III. EL EFECTO GENERAL DE LA EUCARISTÍA -SACRIFICIO Y SACRAMENTO PERMANENTE- POR EL QUE CAUSA "TODA" LA VIDA DE LA IGLESIA, Y LA UNIDAD, NO SOLO CONSUMATIVA, DE LA MISMA.

 

Según aquellos autores que niegan la tesis que hemos expuesto -que coincide con el pensamiento de Sto Tomás y el magisterio de Juan Pablo II, desde su encíclica pragmática de su pontificado “Redemptor hominis”- al decir que la Eucaristía "hace" o edifica la Iglesia no se ha de atribuir ese efecto al solo sacrificio de la Misa y al sacramento de la presencia permanente que implica, toda vez que, “obviamente, se celebra y adviene en una Iglesia que existe con anterioridad a ella": sin la Iglesia jerárquicamente estructurada no hay Eucaristía [25]. ¿Cómo responder a esta objeción?

       Es cierto que la Iglesia que celebra la Eucaristía, como señala justamente P. Rodríguez, no es una masa amorfa, sino una Iglesia ya una y unida: es una Iglesia que tiene "unus Dominus, una fides, unum baptisma" [26]. El Bautismo, por el que Cristo pasa a ser nuestro Señor, y la unidad y profesión de fe objetiva (que significa exteriormente la fe subjetiva que se tiene en el corazón) constituyen la base eclesial primera e indispensable para participar rectamente del Augusto Sacramento.
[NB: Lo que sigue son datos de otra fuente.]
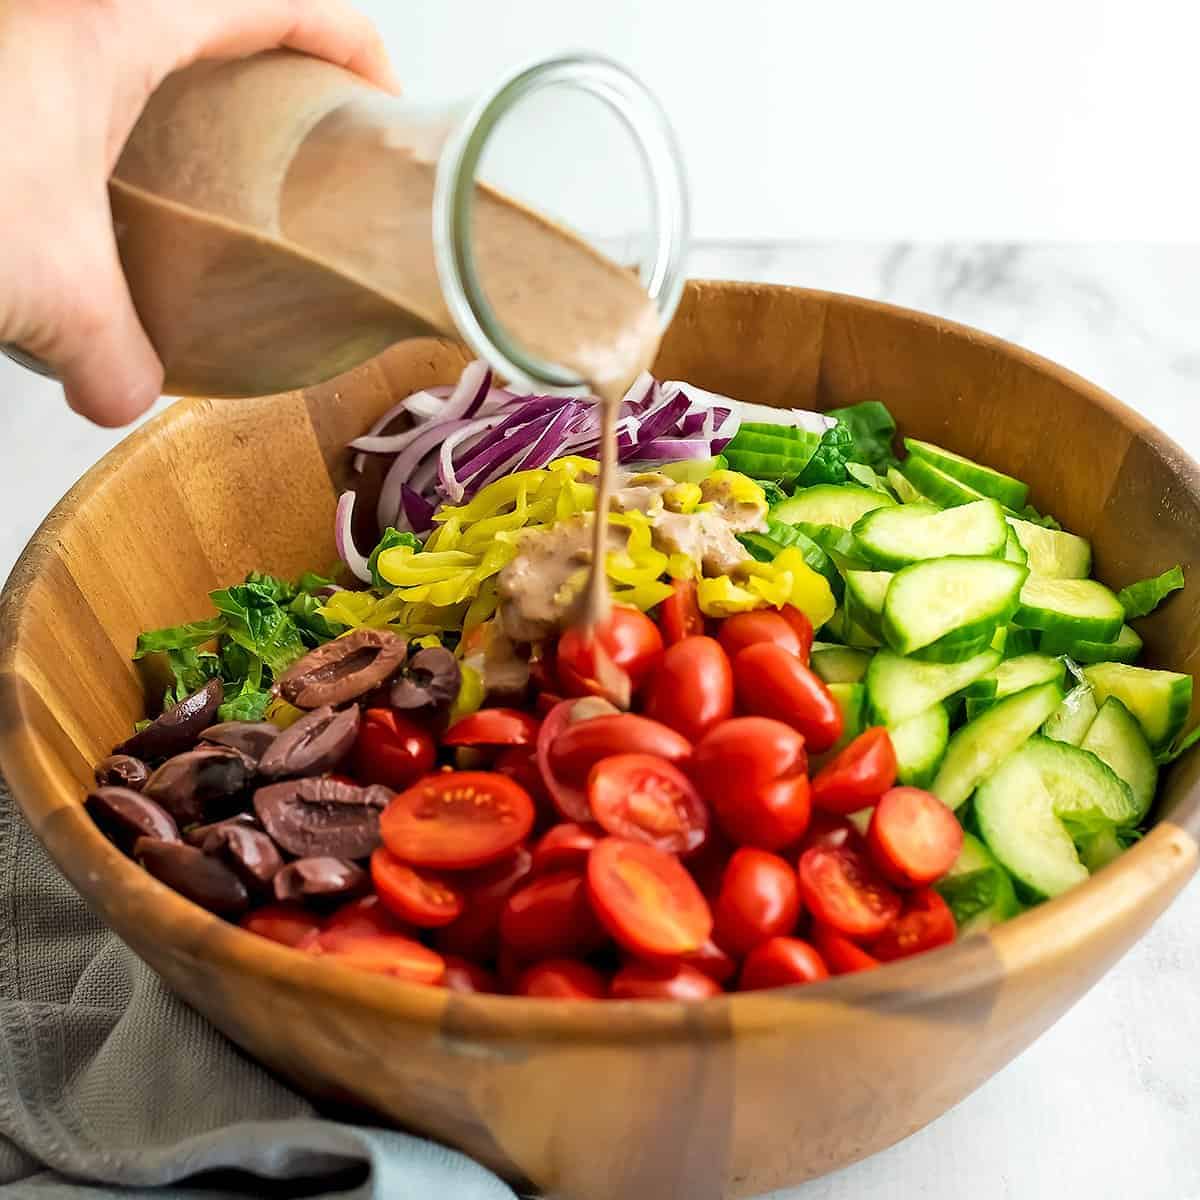 https://bitesofwellness.com/wp-content/uploads/2021/01/Whole30-greek-salad-social1.jpg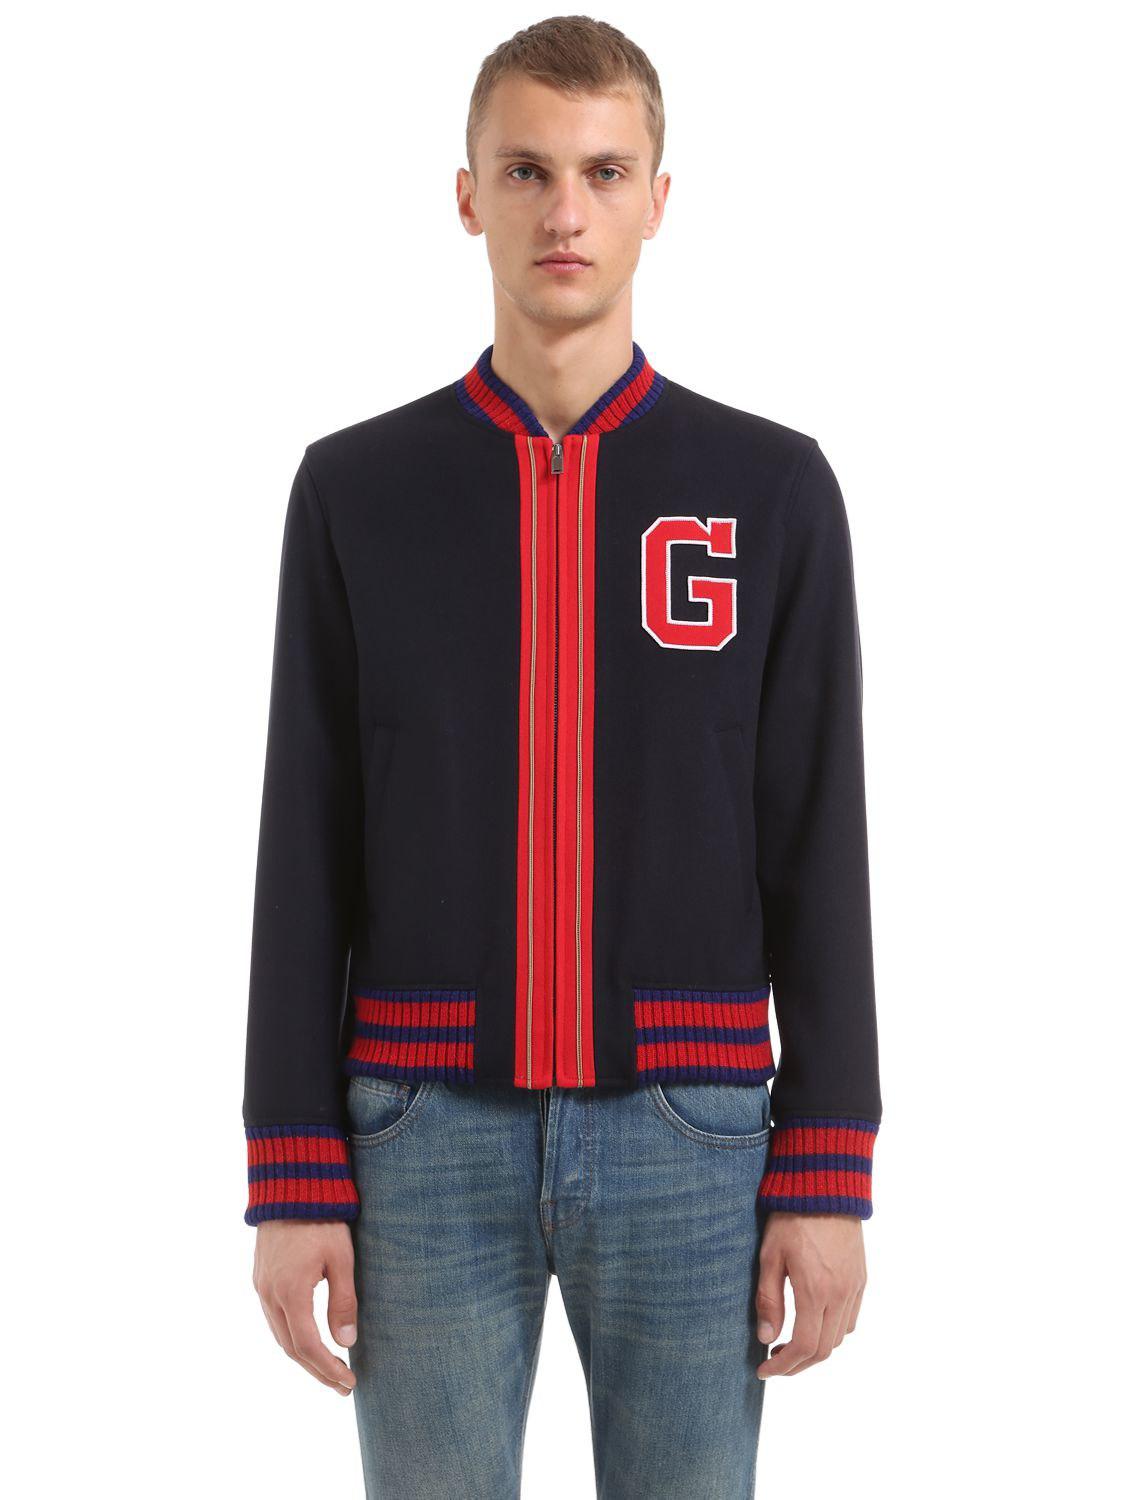 Gucci Wool Felt Varsity Jacket in Navy (Blue) for Men - Lyst

Por eso dice Sto. Tomás: "el pecado contra la fe, al separar radicalmente de la unidad de la Iglesia, es rigurosamente hablando, el que hace al hombre más inepto para la recepción de este sacramento, que es precisamente el sacramento de la unidad eclesiástica, que se da principalmente por la unidad de fe, pues es precisamente la congregación de los fieles [27]. Lo que el Credo proclama en palabras, la acción litúrgica, cuyo centro nuclear son los sacramentos ("protestationes fidei", S. Th. III, 61,4) lo pone en acto. Especialmente la Eucaristía que "anuda en sí todos los misterios del cristianismo" (Cfr. CEC 1325) y "nos sitúa entre los misterios primordiales de la fe, porque es la donación misma de la Trinidad a la Iglesia". Más aún: en virtud del "nexus mysteriorum", "es toda nuestra fe la que se pone en acto cuando creemos en Jesús en su presencia real bajo los accidentes de pan y vino" [28]. Por eso no tiene sentido hospitalidad eucarística a quien no profesa, -al menos implícitamente, como parece suponer la reciente disciplina, propiciada por el actual ambiente ecuménico [29]- la integridad de la fe católica [30].

       Además de la fe y el Bautismo, la Eucaristía supone también, obviamente, el ministerio sacerdotal jerárquicamente estructurado. El Cuerpo de Cristo está en el altar no como consecuencia de una iniciativa espontánea y privada de hombres que quieren ser una sola cosa, sino de una acción de naturaleza jerárquica: es el efecto del ejercicio de poderes ministeriales conferidos por Cristo, poderes que no tiene cualquiera, sino sólo los Apóstoles y sus sucesores, que son los obispos y subordinadamente, los presbíteros. Aparece así, como momento esencial y constituyente de la celebración eucarística, la estructura fundamental de la Iglesia, jerárquicamente ordenada. Es una acción de la "Comunidad sacerdotal jerárquicamente estructurada" [31]. No es la unidad de la Iglesia, efectivamente, el mágico resultado de unificar un caos precedente, sino la consumación de una unidad eclesial previa. Para que pueda darse la "res tantum" del sacramento eucarístico, que es la unidad del Cuerpo místico, es necesaria  la "res et sacramentum": el cuerpo y la sangre verdaderos de Cristo, hecho presente en la consagración del pan y del vino, al renovar el sacrificio del Calvario. Pero la consagración supone el carácter del sacerdocio ministerial, que se diferencia esencialmente y no sólo en grado[32] del sacerdocio común de los fieles, propio del carácter del bautismo y de la confirmación; y por consiguiente, una comunidad estructurada orgánicamente por los caracteres sacramentales, reunida en torno al altar [33], con el celebrante actuando "in persona Christi Capitis"[34] por virtud del sacramento del Orden, que lo sitúa en al ámbito del poder ministerial, unido a la sucesión apostólica. Supone, pues, una unidad fundamental de bautismo y de fe, estructurada jerárquicamente por el sacerdocio ministerial, bajo la jurisdicción del Supremo Pastor, el sucedor de Pedro.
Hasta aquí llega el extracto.